* _To do_: Would you please return the data below verbatim, without its pictures?

* _Supplied material_:
•••

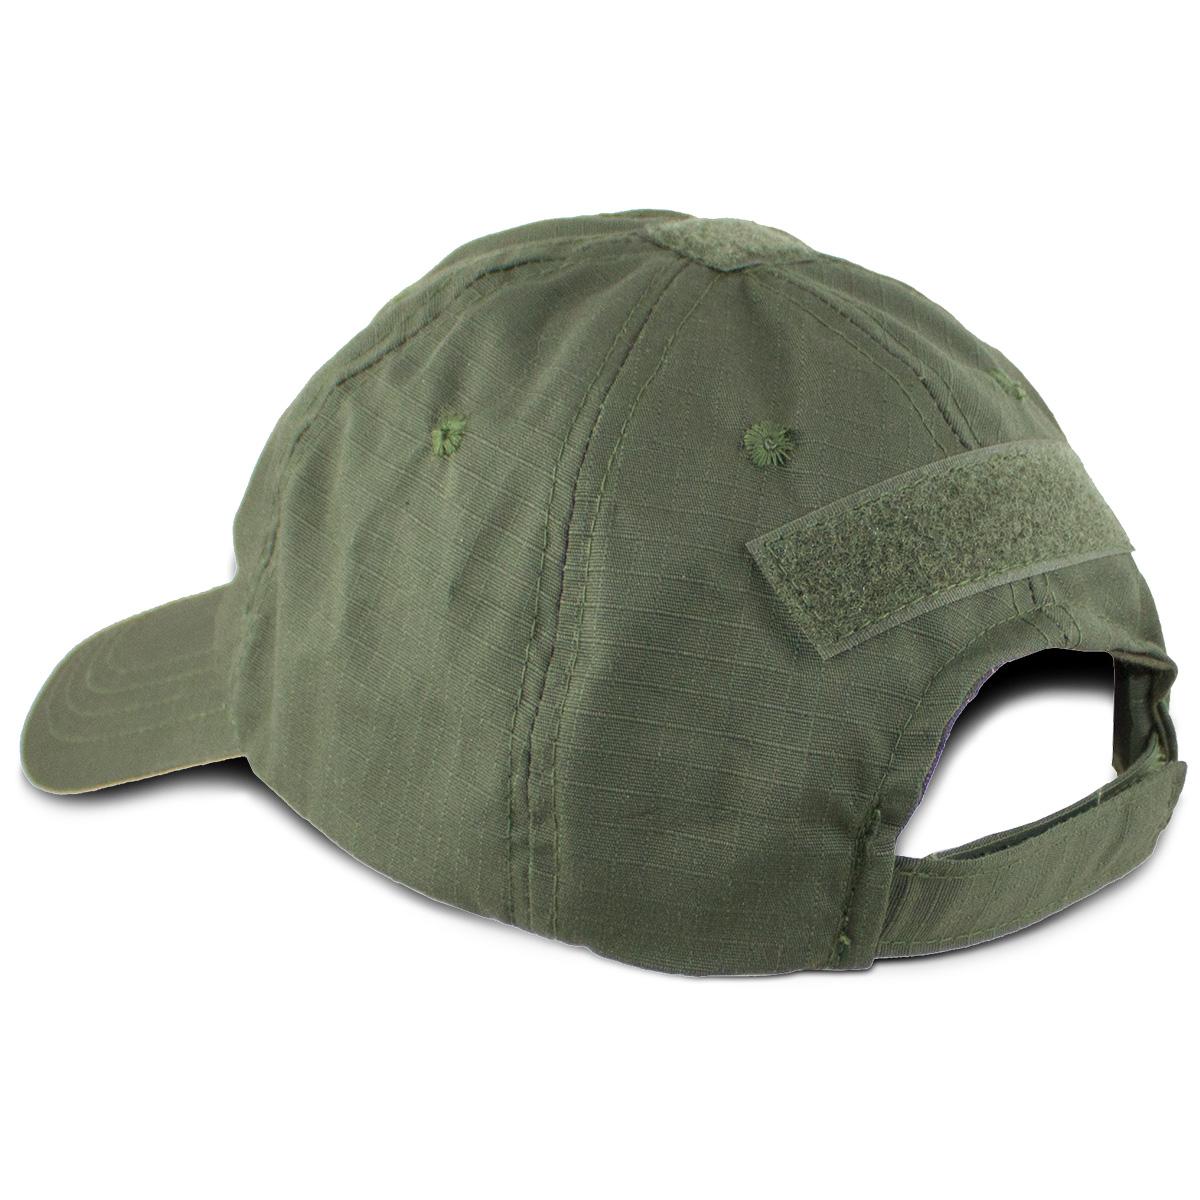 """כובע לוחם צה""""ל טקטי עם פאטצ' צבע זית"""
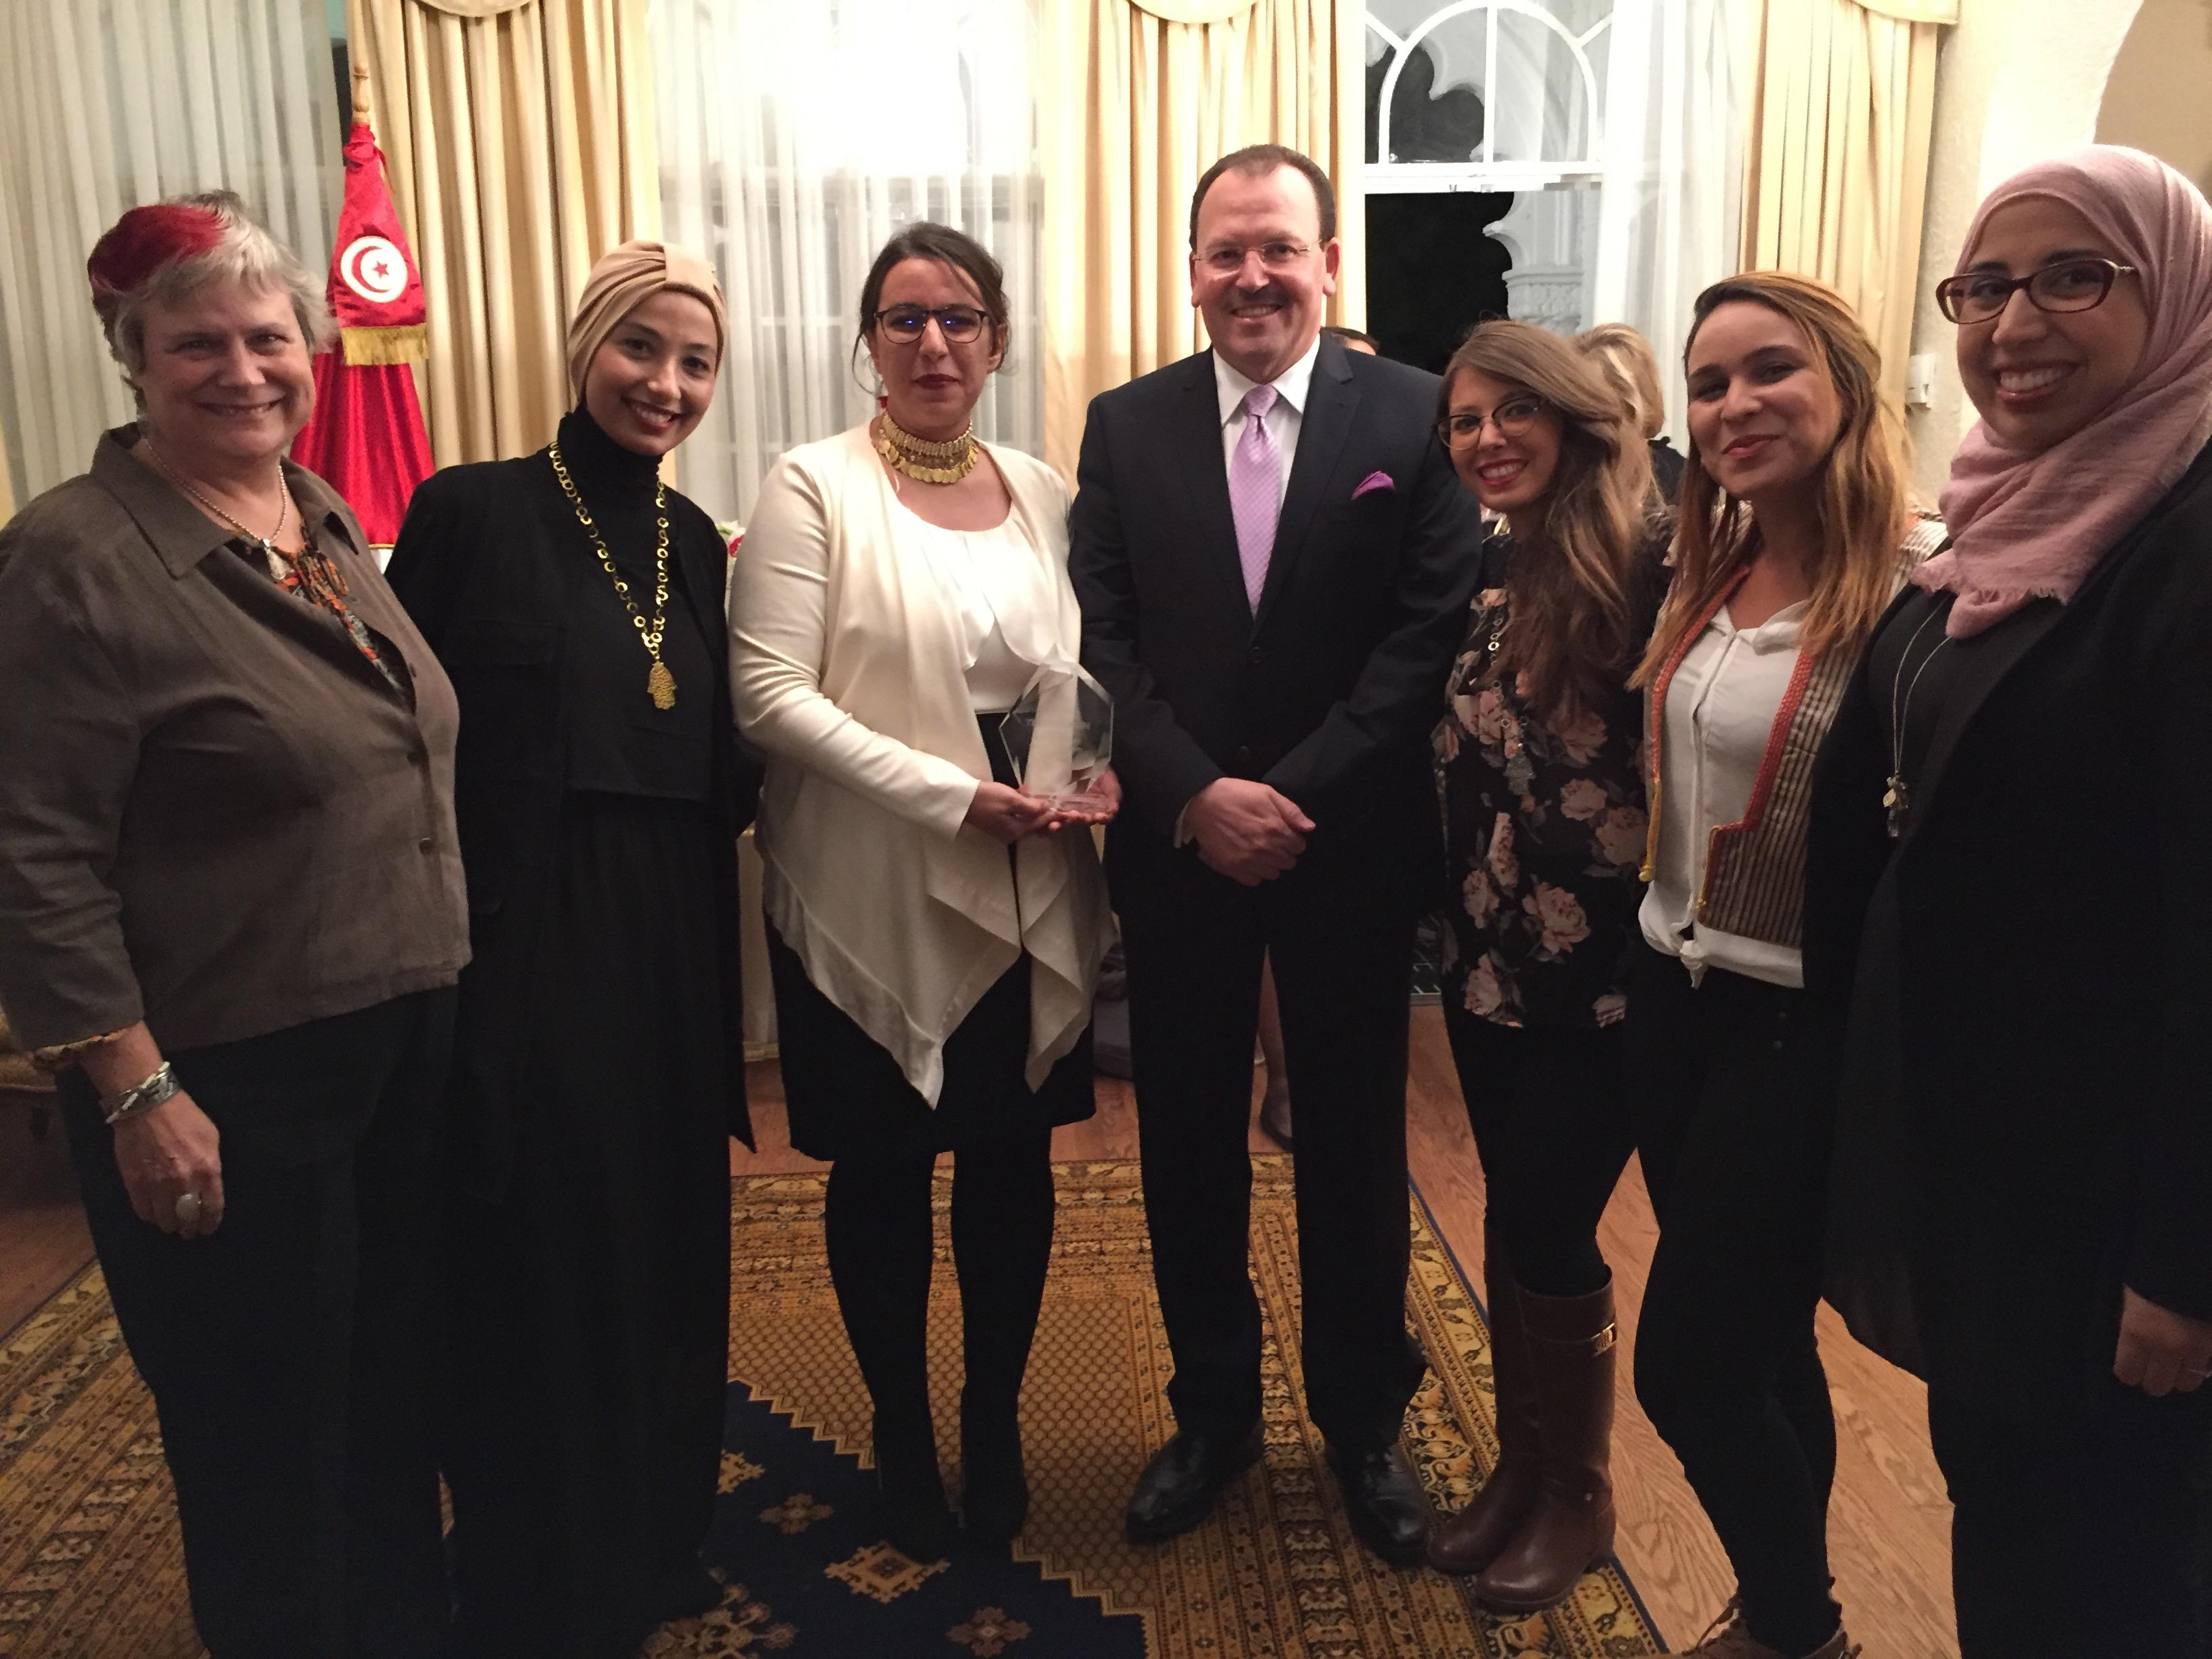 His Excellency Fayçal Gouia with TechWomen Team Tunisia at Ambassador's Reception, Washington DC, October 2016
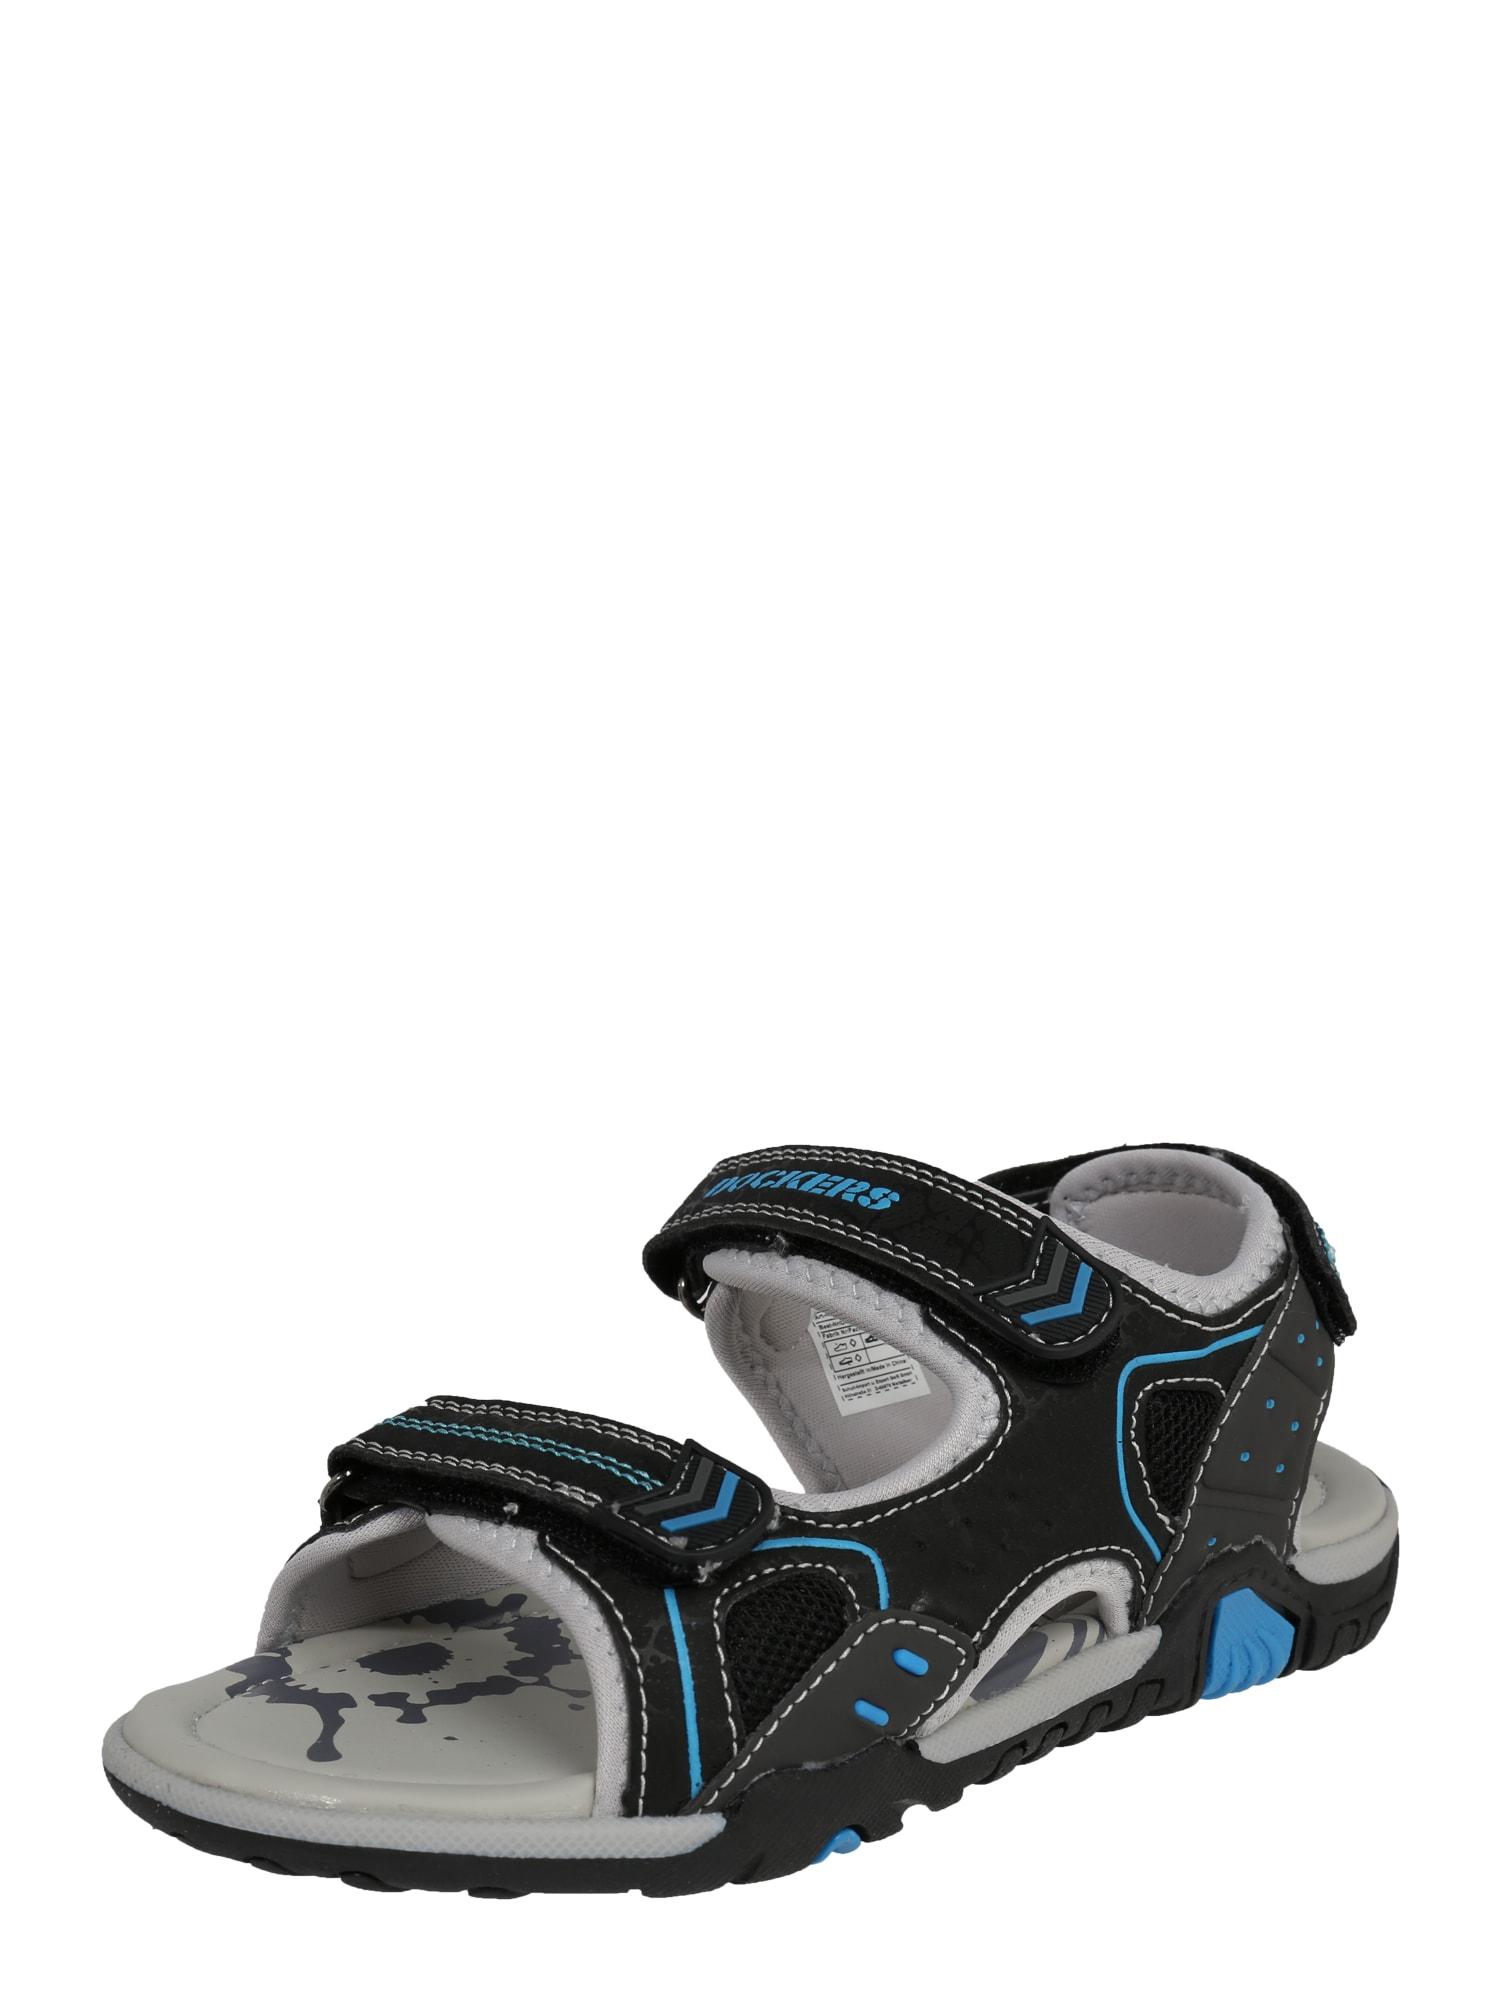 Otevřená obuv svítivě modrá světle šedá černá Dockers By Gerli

•••

* _Exercise result_:
 """כובע לוחם צה""""ל טקטי עם פאטצ' צבע זית"""
 His Excellency Fayçal Gouia with TechWomen Team Tunisia at Ambassador's Reception, Washington DC, October 2016
 Otevřená obuv svítivě modrá světle šedá černá Dockers By Gerli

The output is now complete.